SAMARINDA, nusantaranews.info – Upaya peredaran narkotika jenis sabu di pinggir jalan akhirnya terbongkar. Satuan Reserse Narkoba Polresta Samarinda mengamankan dua pemuda yang diduga berperan sebagai kurir sabu di kawasan Jl. KH. Samanhudi, Kelurahan Pelita, Kecamatan Samarinda Utara, Selasa malam (24/2/2026).

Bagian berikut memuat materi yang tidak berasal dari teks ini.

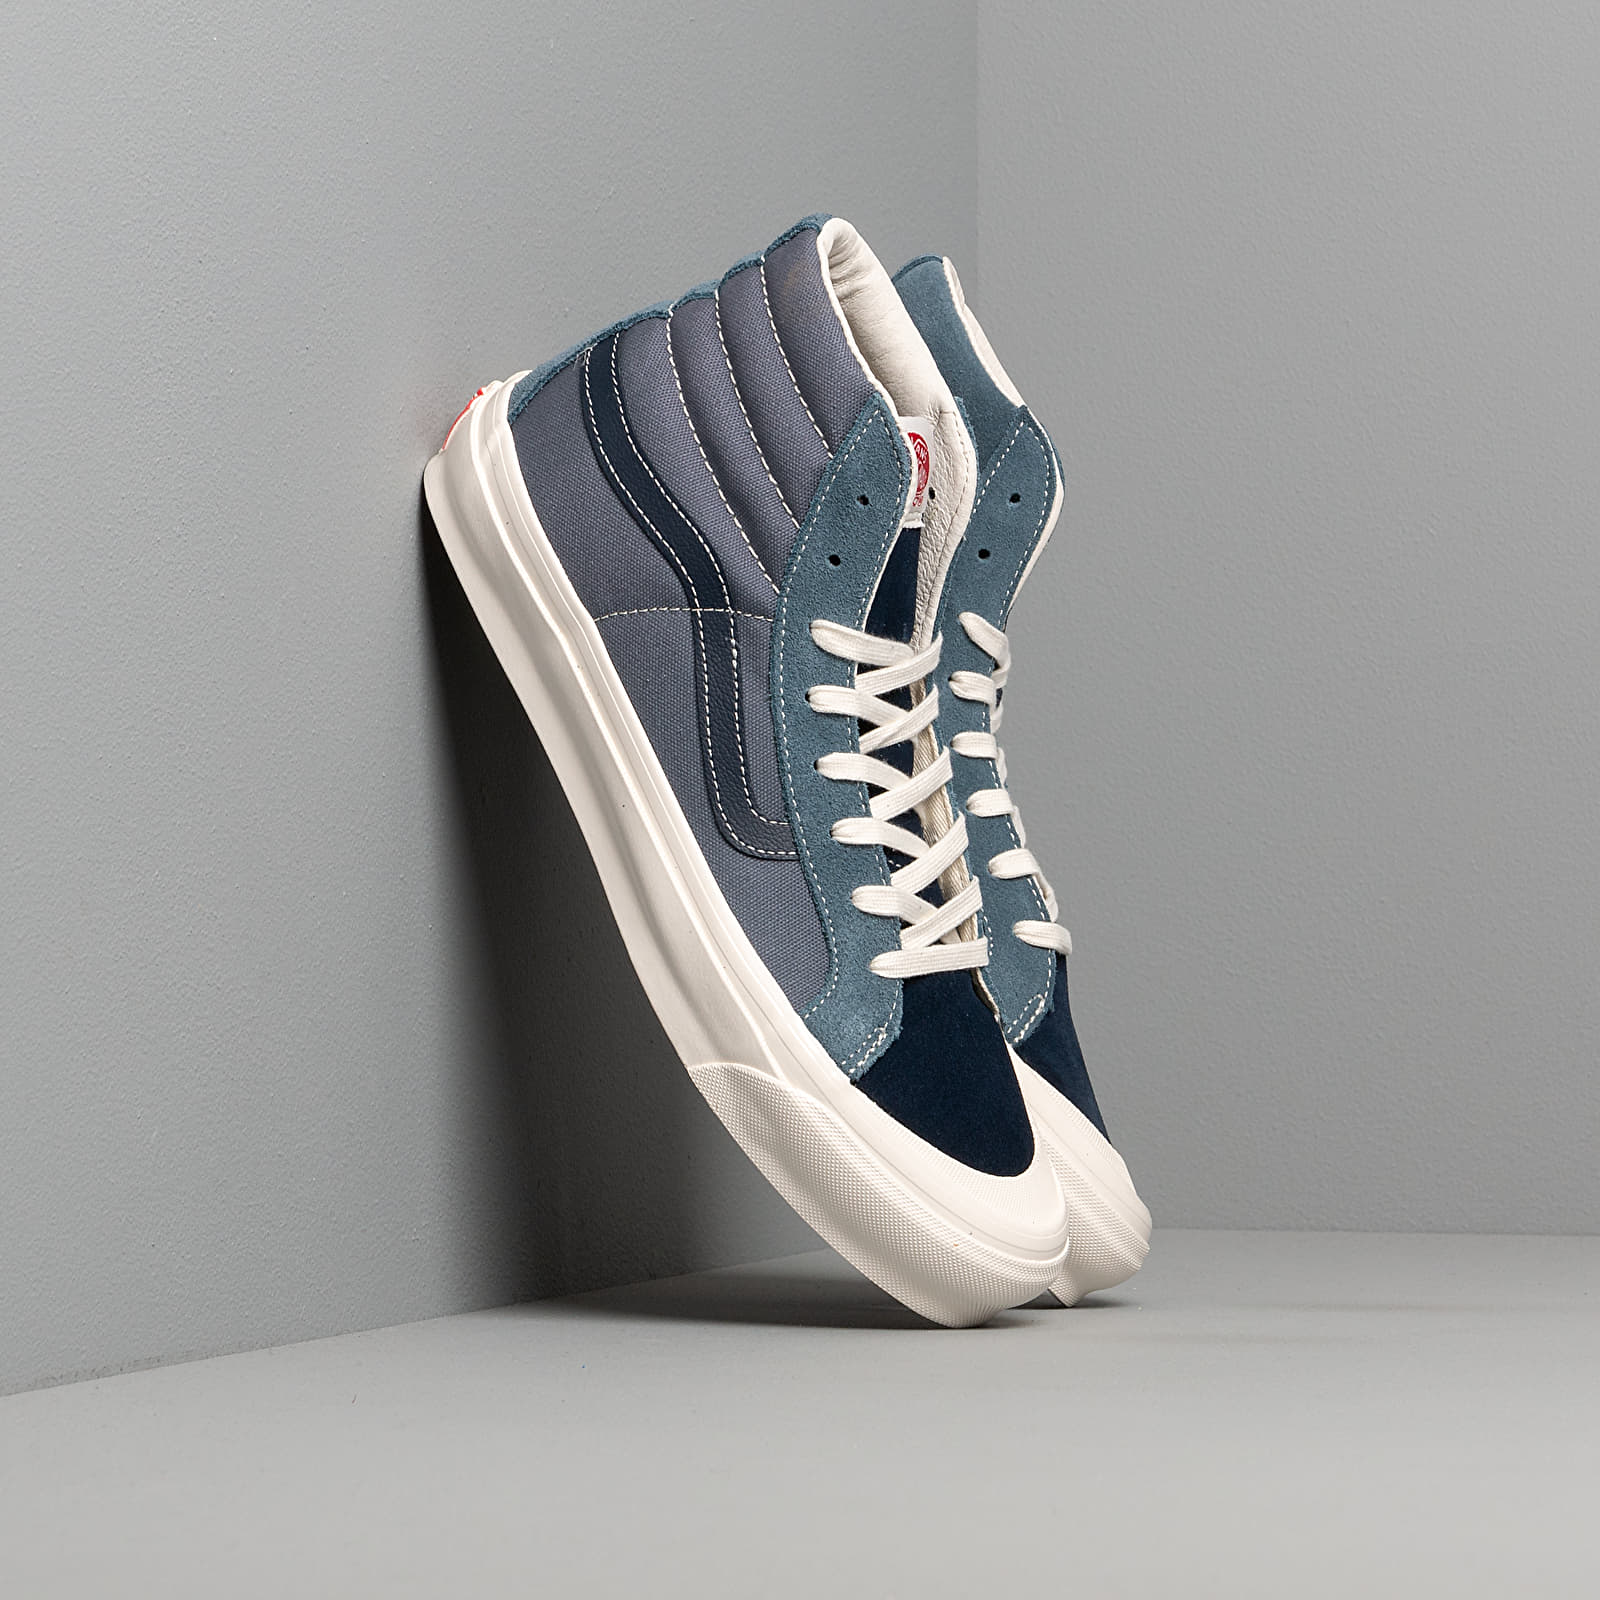 Men's shoes Vans Vault OG Style 138 LX (Suede) Blue/ Mirage Blue

Penangkapan dilakukan sekitar pukul 21.00 Wita, berawal dari laporan masyarakat yang mencurigai lokasi tersebut kerap dijadikan tempat transaksi narkotika. Menindaklanjuti informasi itu, petugas melakukan penyelidikan dan mendapati dua pria mencurigakan yang sedang duduk di atas sepeda motor di pinggir jalan.

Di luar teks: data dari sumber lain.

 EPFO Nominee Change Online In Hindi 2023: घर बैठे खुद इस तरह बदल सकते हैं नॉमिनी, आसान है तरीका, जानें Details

Saat dilakukan penangkapan dan penggeledahan, polisi menemukan sebuah kotak domino warna kuning yang berisi empat paket sabu seberat 1,02 gram bruto dari saku jaket tersangka berinisial A (20). Sementara dari tersangka berinisial T (19), petugas menemukan satu paket sabu seberat 0,34 gram bruto di saku celana bagian depan.
Selain narkotika, polisi turut mengamankan uang tunai Rp2,5 juta yang diduga hasil penjualan, dua unit handphone Android, serta satu unit sepeda motor yang digunakan dalam aktivitas tersebut.

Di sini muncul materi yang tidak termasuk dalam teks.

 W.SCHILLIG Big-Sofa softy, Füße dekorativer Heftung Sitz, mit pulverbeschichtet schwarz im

Dari hasil pemeriksaan awal, kedua tersangka mengakui berperan sebagai kurir dalam jual beli sabu. Mereka juga menyebut memperoleh barang haram tersebut dari seseorang berinisial I.A, yang saat ini masih dalam proses pengembangan oleh penyidik.
Kedua tersangka beserta barang bukti langsung diamankan di Mapolresta Samarinda untuk menjalani proses hukum lebih lanjut. Polisi menjerat keduanya dengan Pasal 114 Ayat (1) jo Pasal 132 Ayat (1) UU RI Nomor 35 Tahun 2009 tentang Narkotika, serta ketentuan pidana dalam undang-undang terbaru terkait KUHP.
Pihak kepolisian menegaskan akan terus melakukan pengembangan kasus guna mengungkap jaringan peredaran narkotika yang lebih luas di wilayah Samarinda.